Марина Цветаева, словно присутствовавшая при их разговоре, как бы вступила в него, написав, что знаменитое двустишие Некрасова, в котором тот горько сказал о собственной двойственности, можно было бы разделить так. «Мне борьба мешала быть поэтом…» — это Пастернак. «…Песни мне мешали быть бойцом» — Маяковский. Да и сам Пастернак еще в 1922-м, делая стихотворную надпись на подаренной Маяковскому книге Сестра моя — жизнь, выразил свое недоумение: «Вы заняты вашим балансом, / Трагедией ВСНХ, / Вы, певший Летучим голландцем / Над краем любого стиха. / …И вы с прописями о нефти? / Теряясь и оторопев, / Я думаю о терапевте, / Который вернул бы вам гнев. / Я знаю, ваш путь неподделен, / Но как вас могло занести / Под своды таких богаделен / На искреннем вашем пути?».

Но как тогда быть с пастернаковской влюбленностью в Сталина, что будет похлеще известного наказа, сделанного его другом-оппонентом: «…О работе стихов, / от Политбюро, / чтобы делал / доклады Сталин»? Как быть со стихотворением 1936 года, где Пастернак, в ином случае признававшийся: «Всю жизнь я быть хотел, как все…» (дескать, хочу, да никак не получается — напротив, сам мир «хочет быть, как я»), вдруг в самом деле обрел причастность ко «всем», к массе, объединенной любовью к Сталину?

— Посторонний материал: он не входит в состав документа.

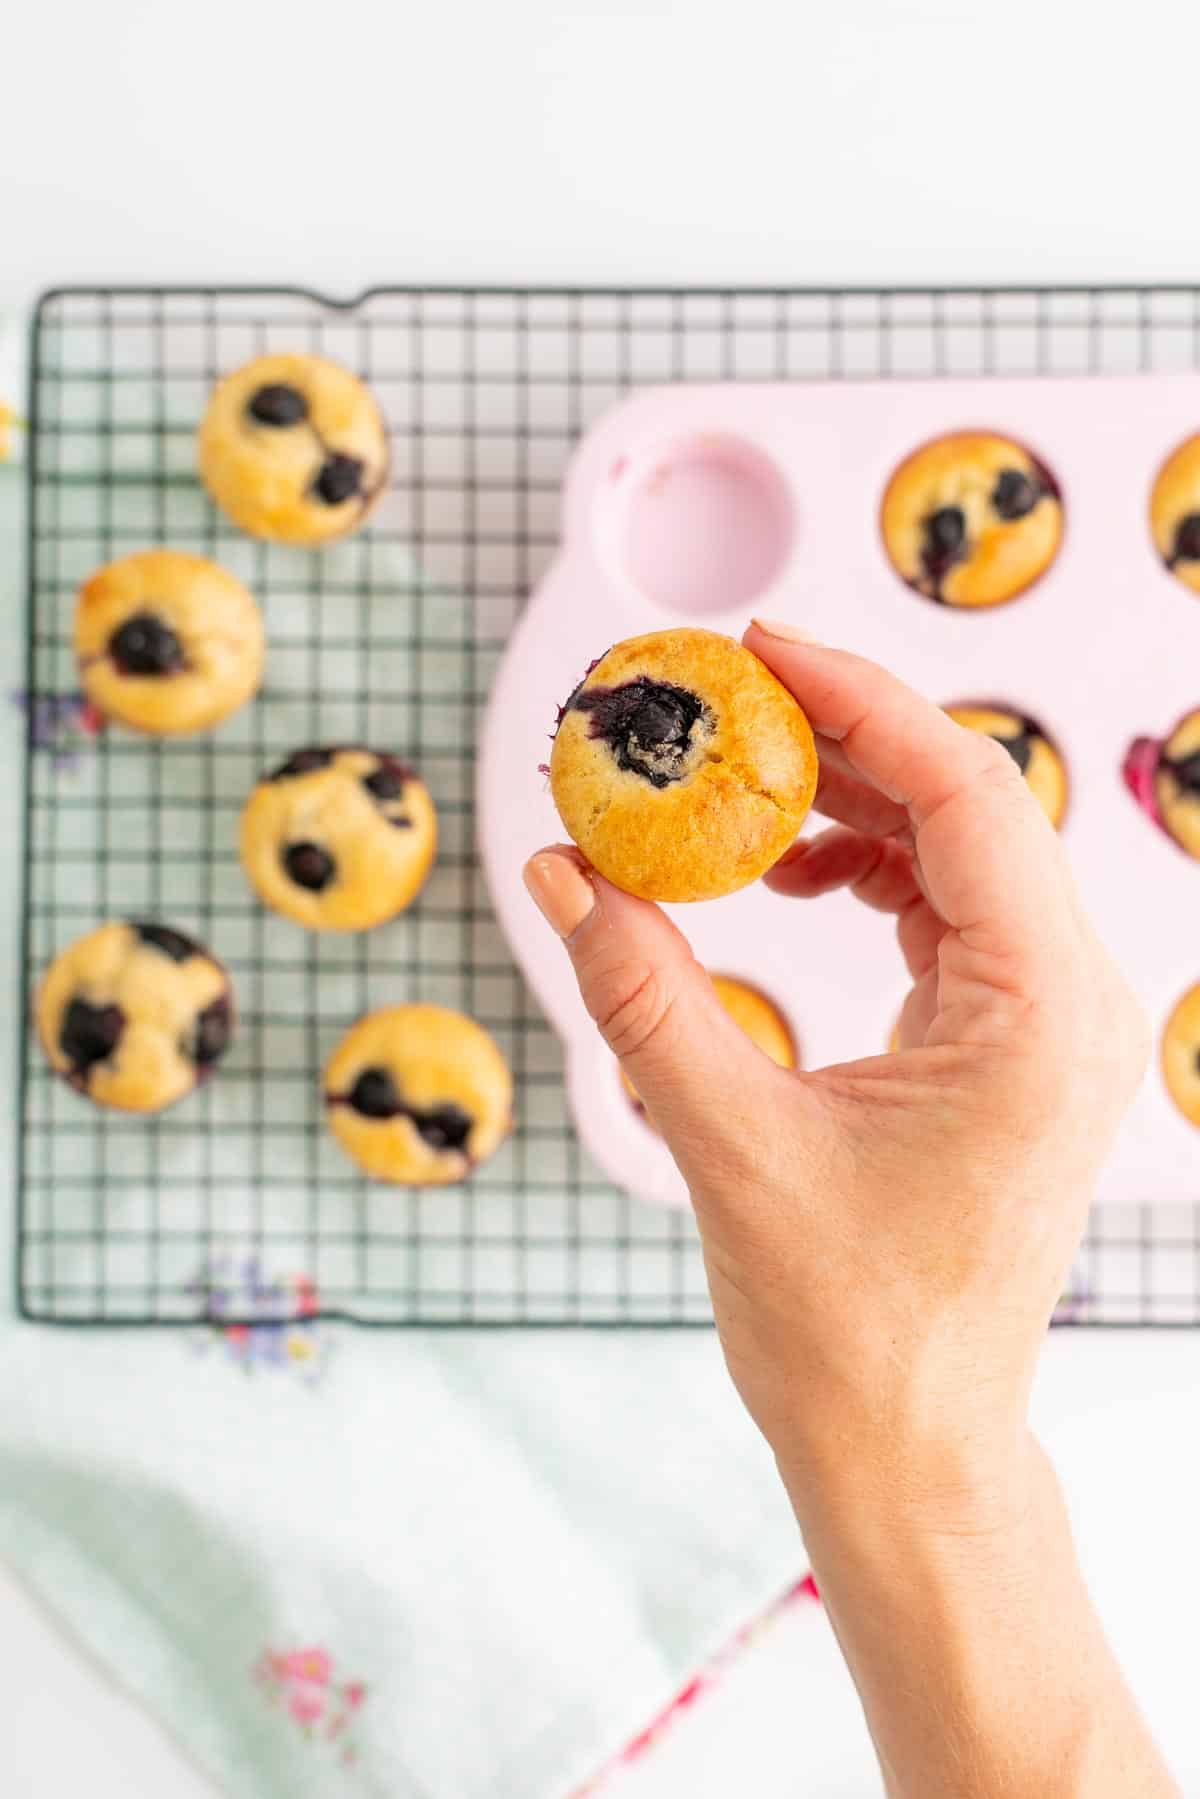 A mini muffin topped with a blueberry being held above a tray of cooked muffins.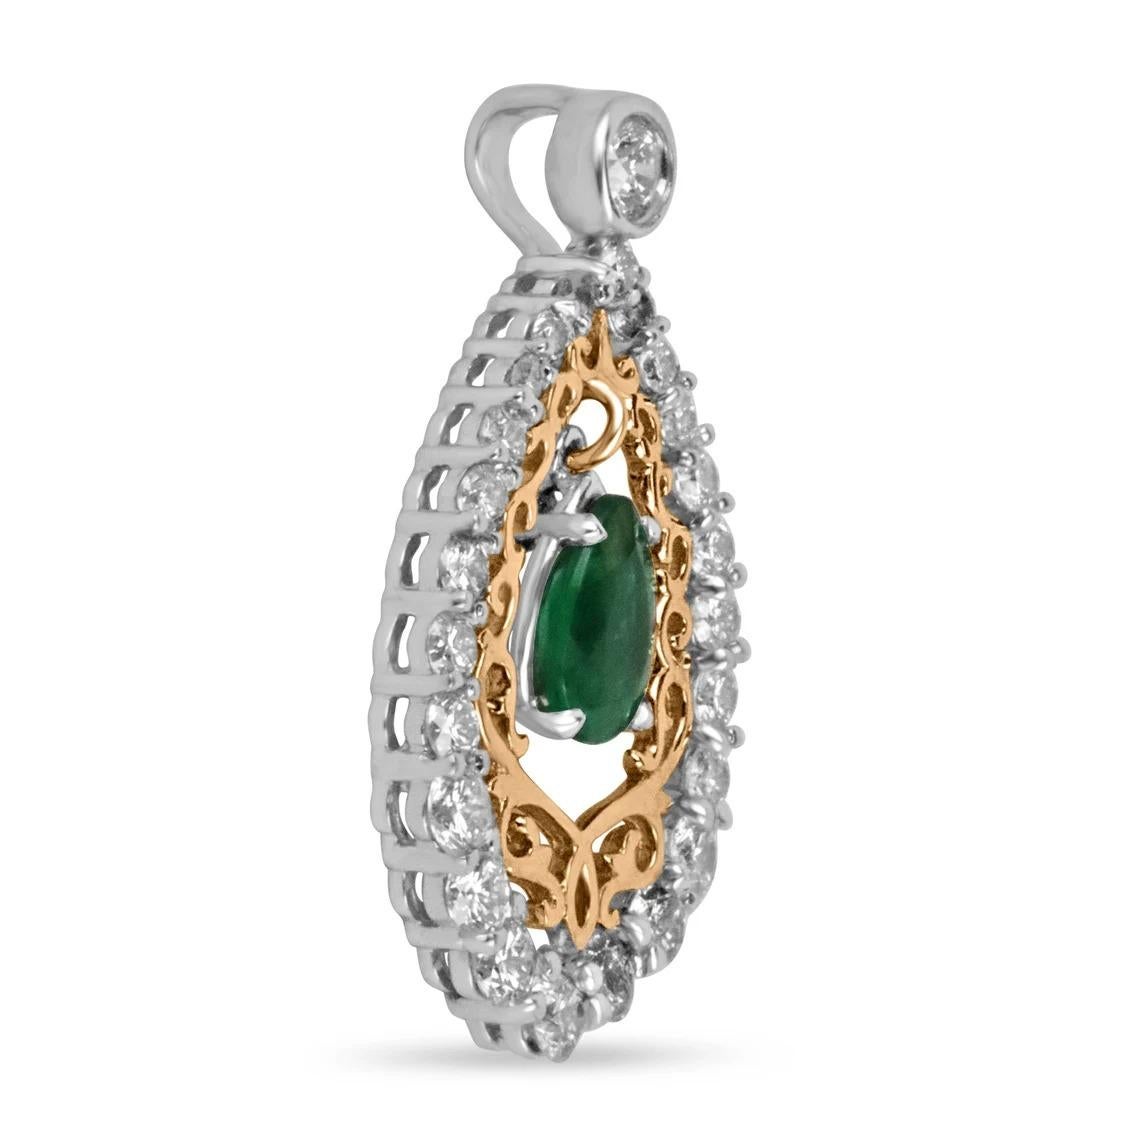 A spectacular 1.43tcw emerald and diamond halo pendant. Crafted in two-toned gold. The center gemstone is floating among stunning diamonds. The earth-mined emerald is handset in a secure four-prong setting. This gem has deep green color and is eye

Любовью трепетной, обожествляющей тирана, что как будто не совсем пристало заложнику вечности: «А в те же дни на расстояньи / За древней каменной стеной / Живет не человек — деянье: / Поступок ростом в шар земной».

Тут не страх, эта крайняя степень пребывания «у времени в плену»; не то, что породило стихи Ахматовой о Сталине, написанные в надежде облегчить участь сына-лагерника и до того беспомощные, что становится очевидно: не только душа отказалась участвовать в этом акте сдачи на милость, но и ахматовская рука будто подменена рукой полуграмотного соцреалиста. «И благодарного народа / Он слышит голос: „Мы пришли / Сказать: где Сталин, там свобода, / Мир и величие Земли“».

«А в комнате опального поэта / Дежурят страх и Муза в свой черед», — напишет Ахматова о ссыльном Мандельштаме, сказав и про себя самое: страх и Муза несовместимы. Когда душою властвует страх — в данном случае за сына, — Муза уходит.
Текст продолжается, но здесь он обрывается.